Give back the whole listing exactly as written, pictures excluded.

- Material provided -

--- START ---

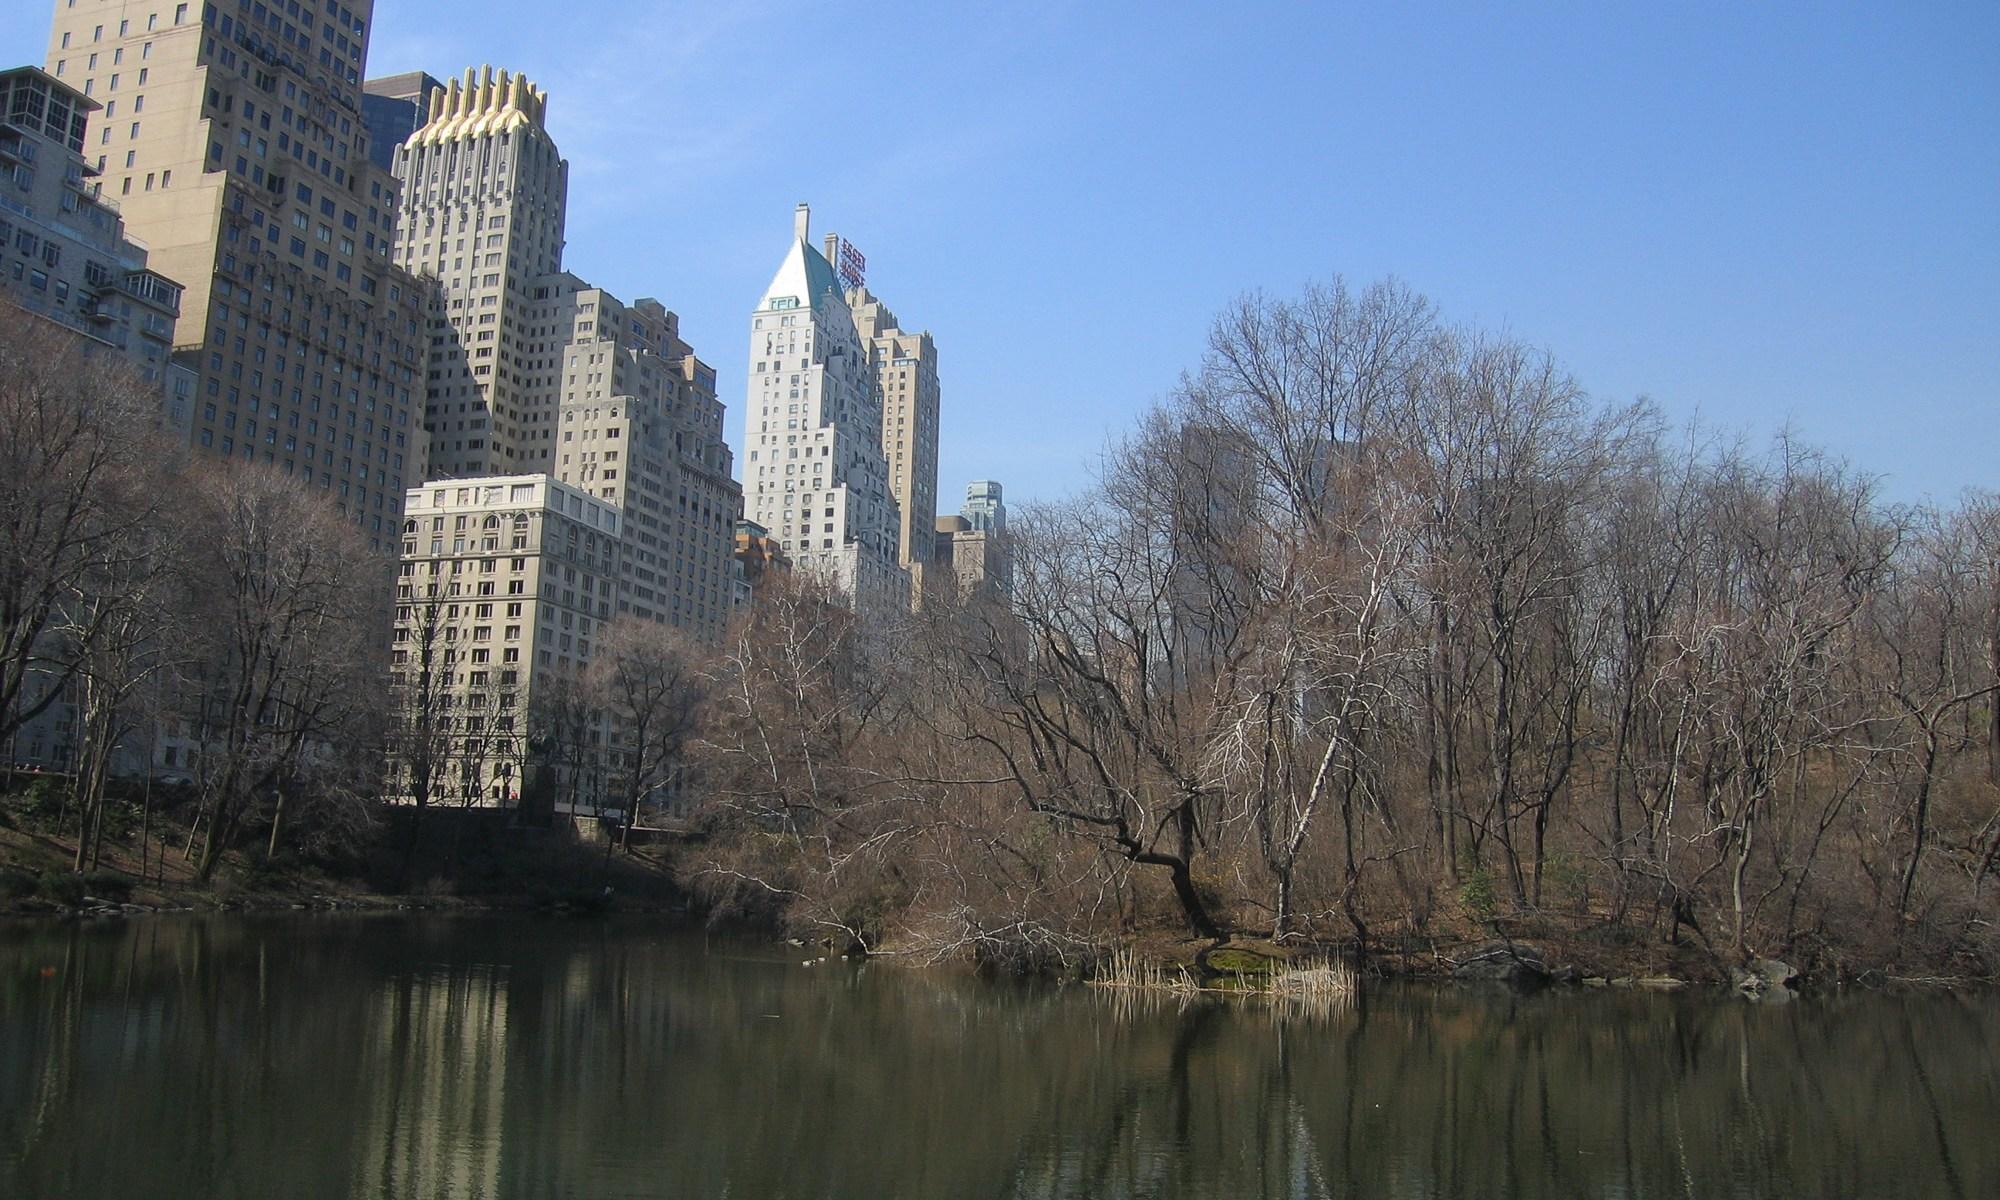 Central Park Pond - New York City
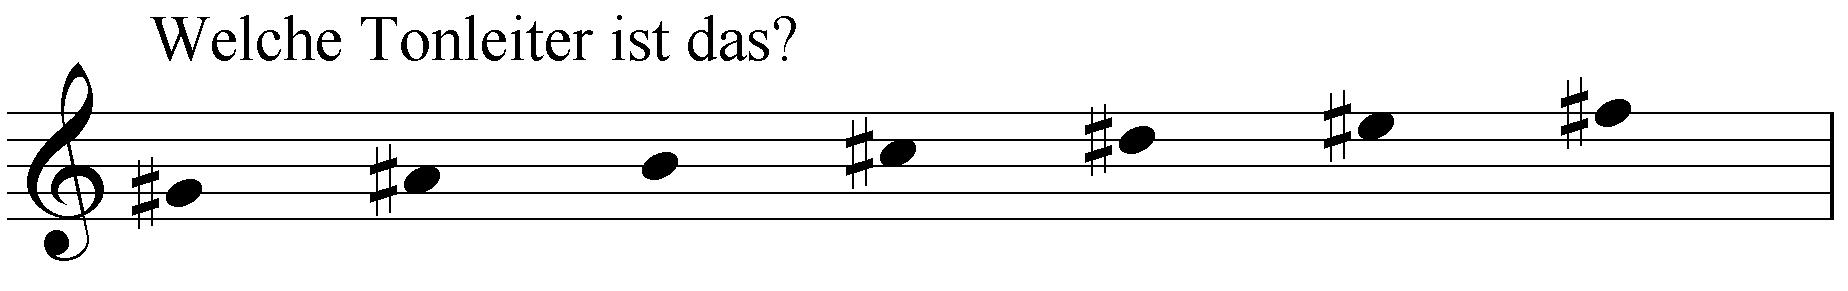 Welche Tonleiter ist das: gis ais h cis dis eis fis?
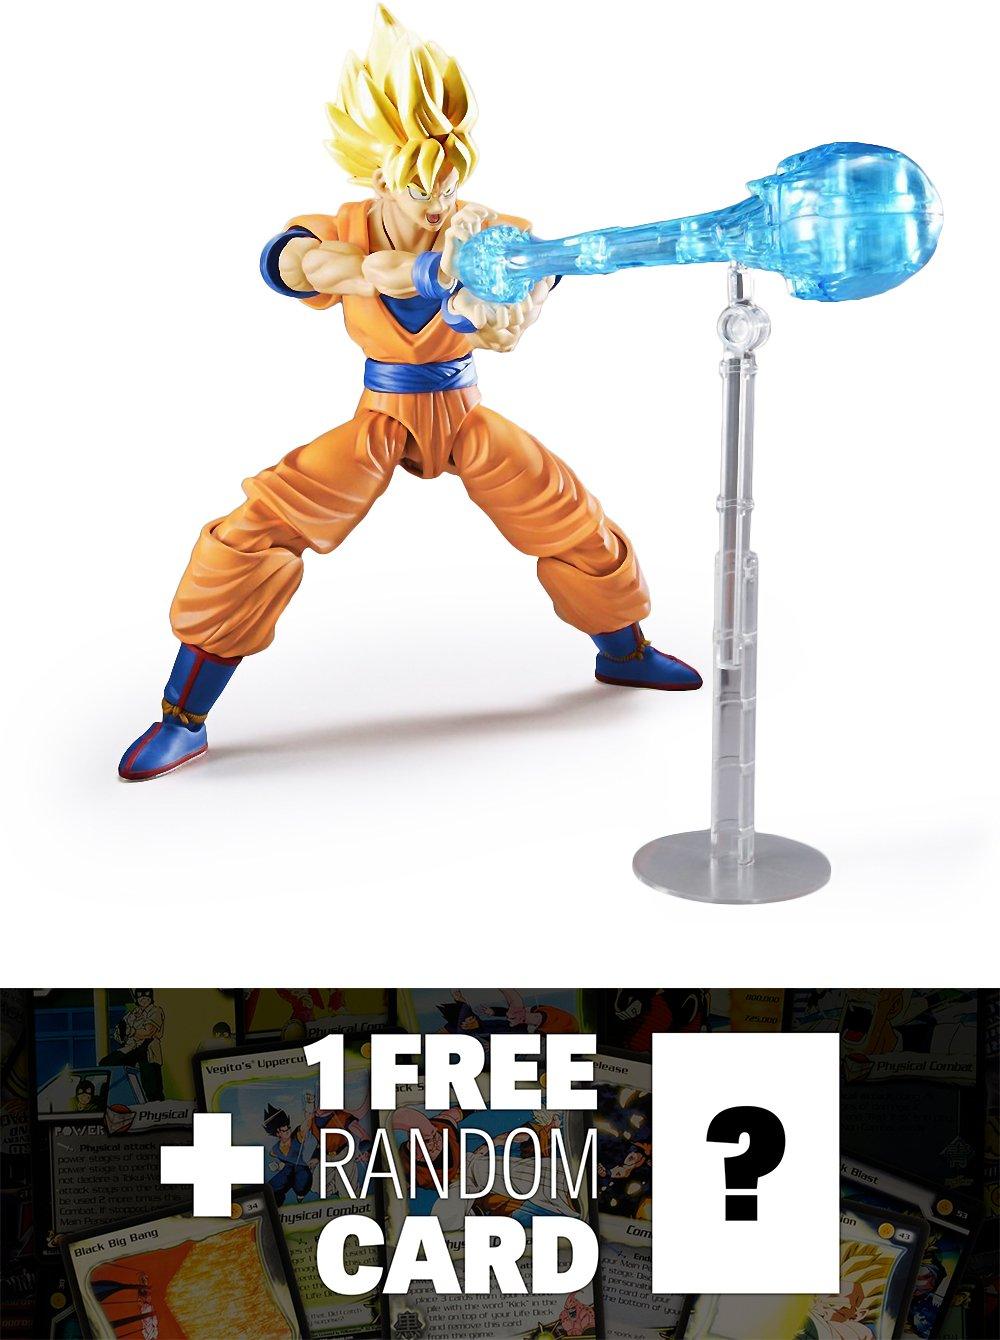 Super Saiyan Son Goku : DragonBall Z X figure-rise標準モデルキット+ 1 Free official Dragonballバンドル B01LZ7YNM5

--- END ---

- Exercise solution -
 Central Park Pond - New York City
 Welche Tonleiter ist das: gis ais h cis dis eis fis?
 Super Saiyan Son Goku : DragonBall Z X figure-rise標準モデルキット+ 1 Free official Dragonballバンドル B01LZ7YNM5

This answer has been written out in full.